Exercise objective
Return nothing but the lines from the one with "29-08-19-inauguration pôle enfance13.JPG" through the one with "maxx 193 duo" in the data below, word for word and without pictures.

Data for this task
*** Block opens ***

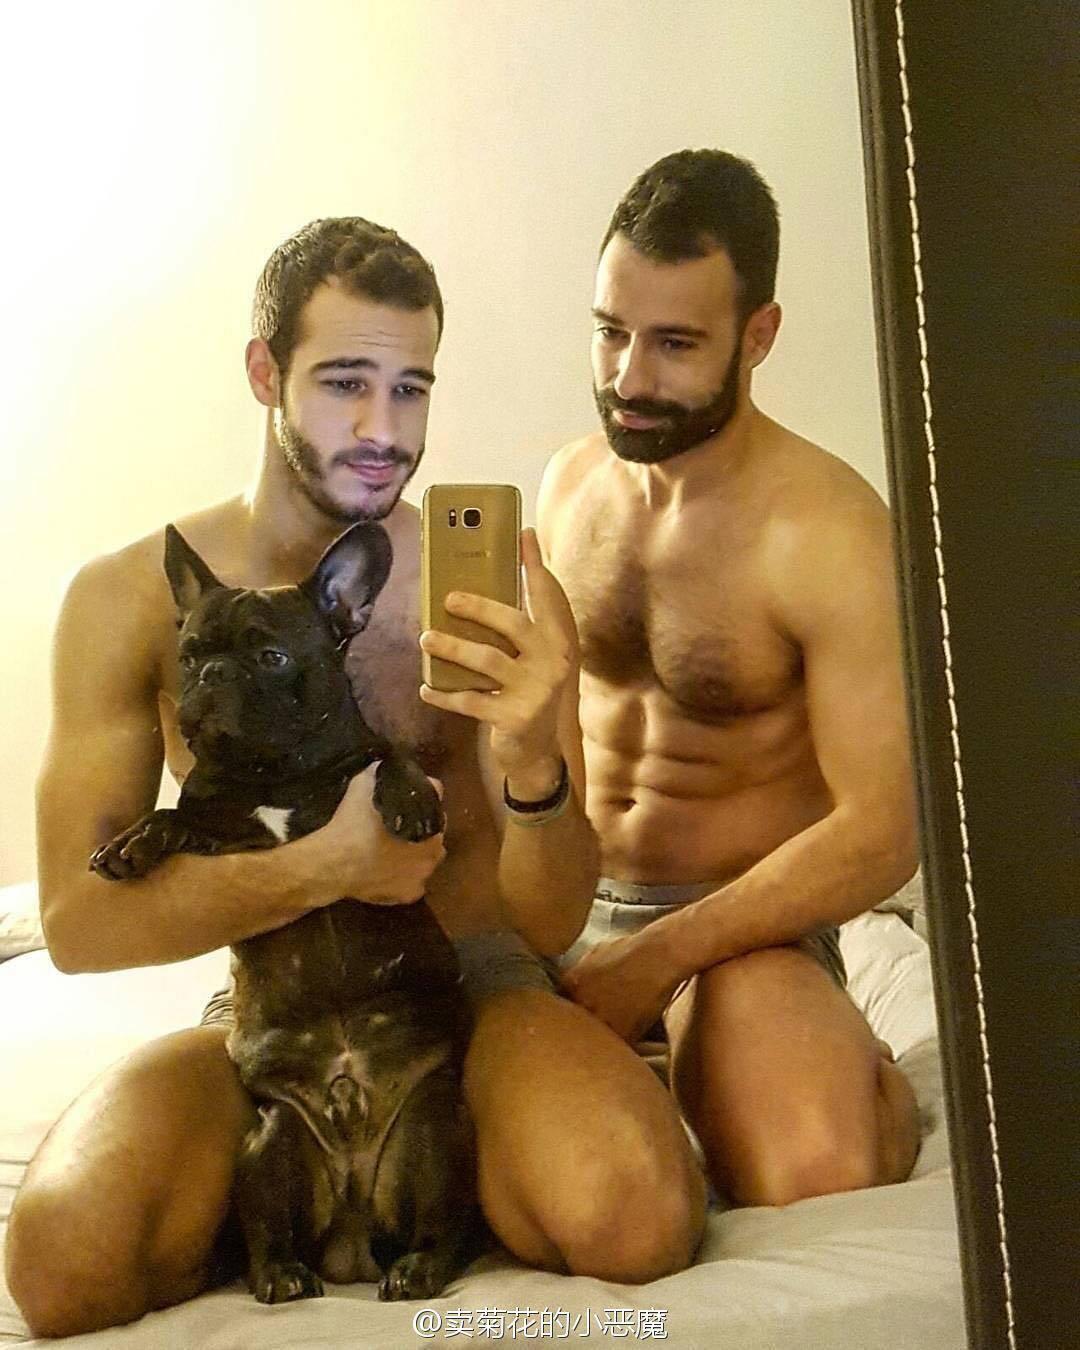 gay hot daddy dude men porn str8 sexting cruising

*** Block closes ***
*** Block opens ***

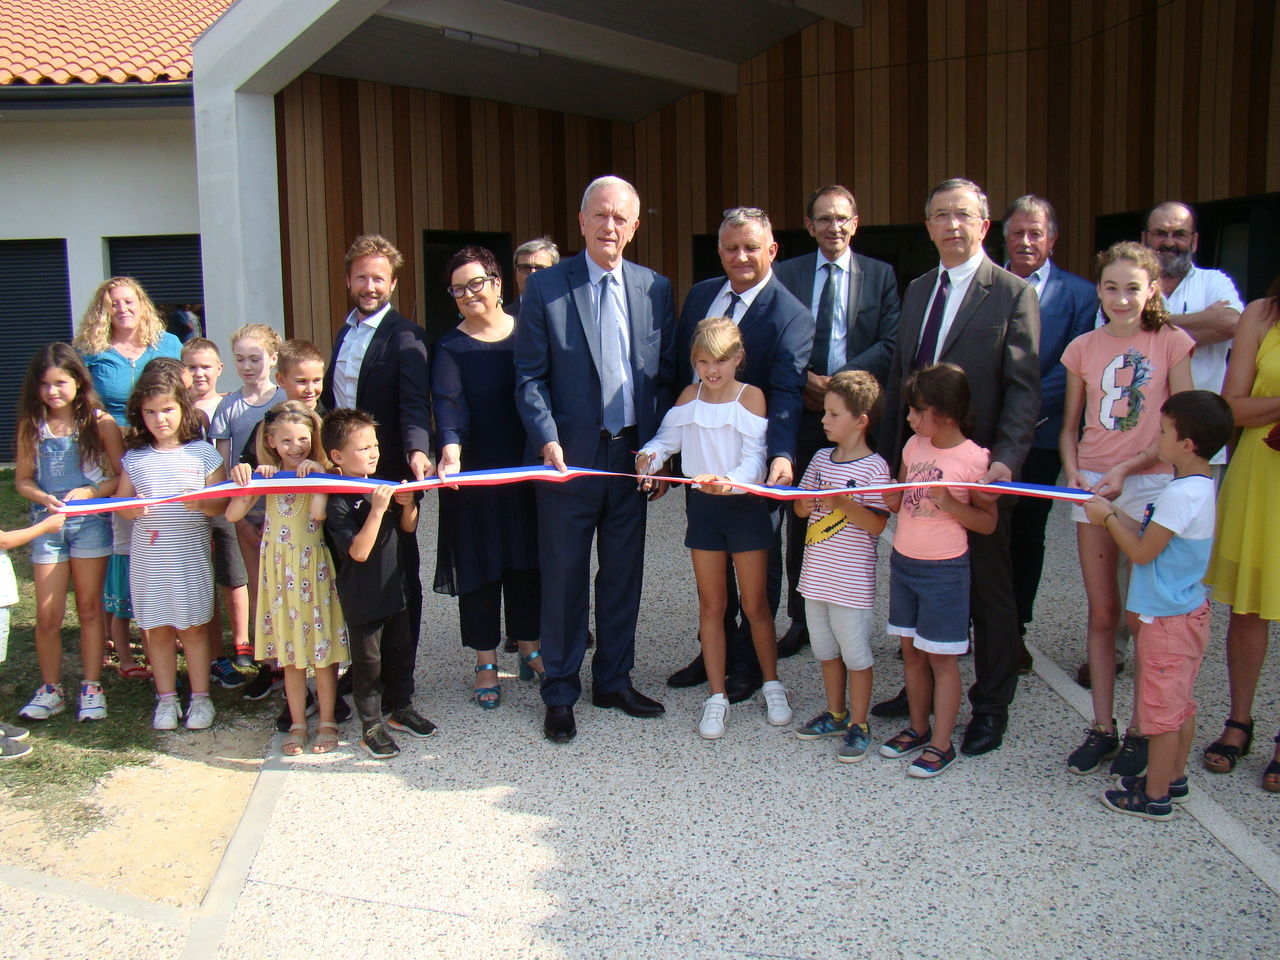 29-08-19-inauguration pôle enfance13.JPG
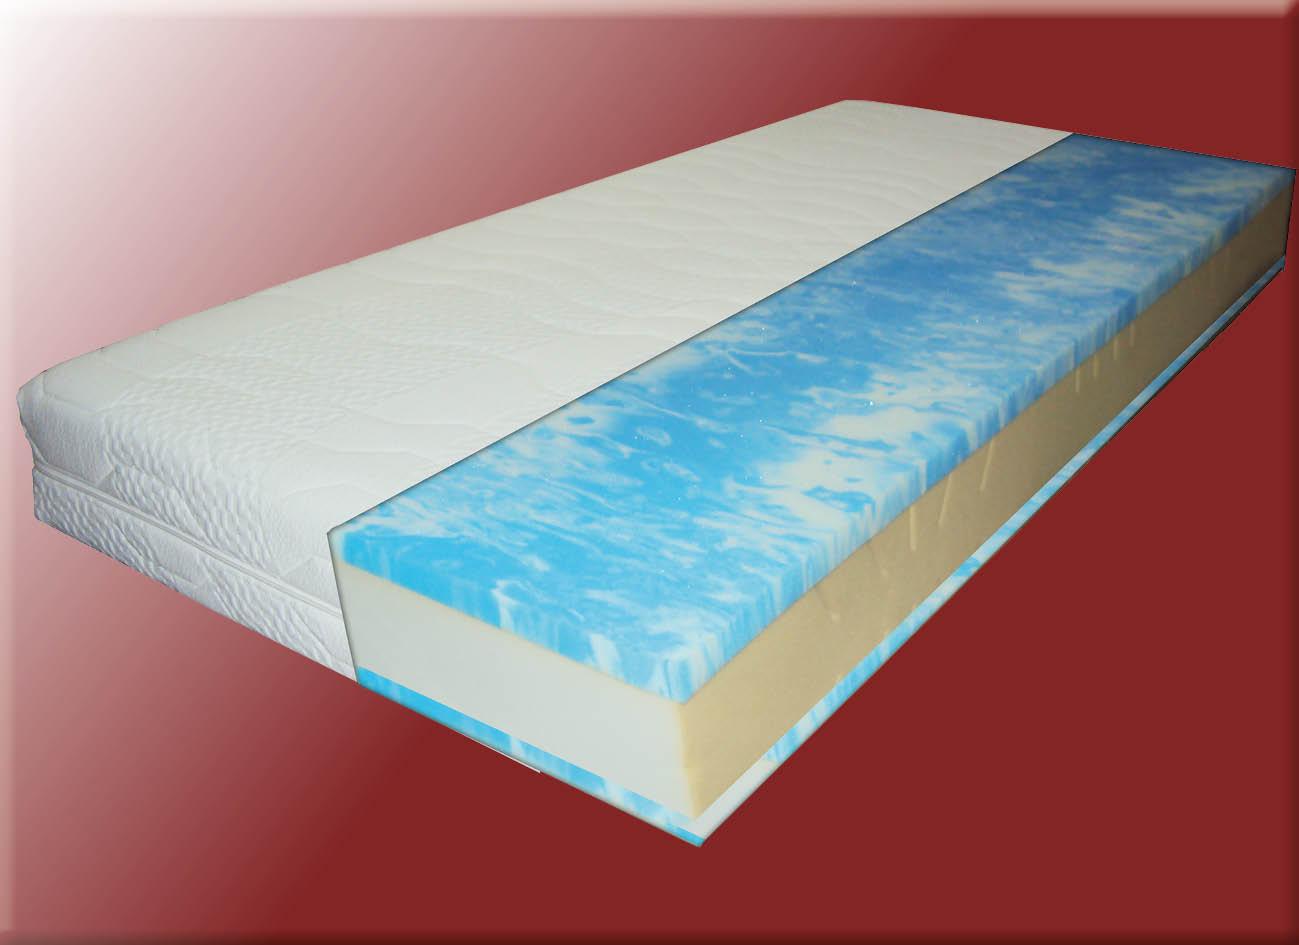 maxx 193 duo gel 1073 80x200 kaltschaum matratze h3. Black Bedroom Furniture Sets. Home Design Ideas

*** Block closes ***

Solution to this exercise
 29-08-19-inauguration pôle enfance13.JPG
 maxx 193 duo gel 1073 80x200 kaltschaum matratze h3. Black Bedroom Furniture Sets. Home Design Ideas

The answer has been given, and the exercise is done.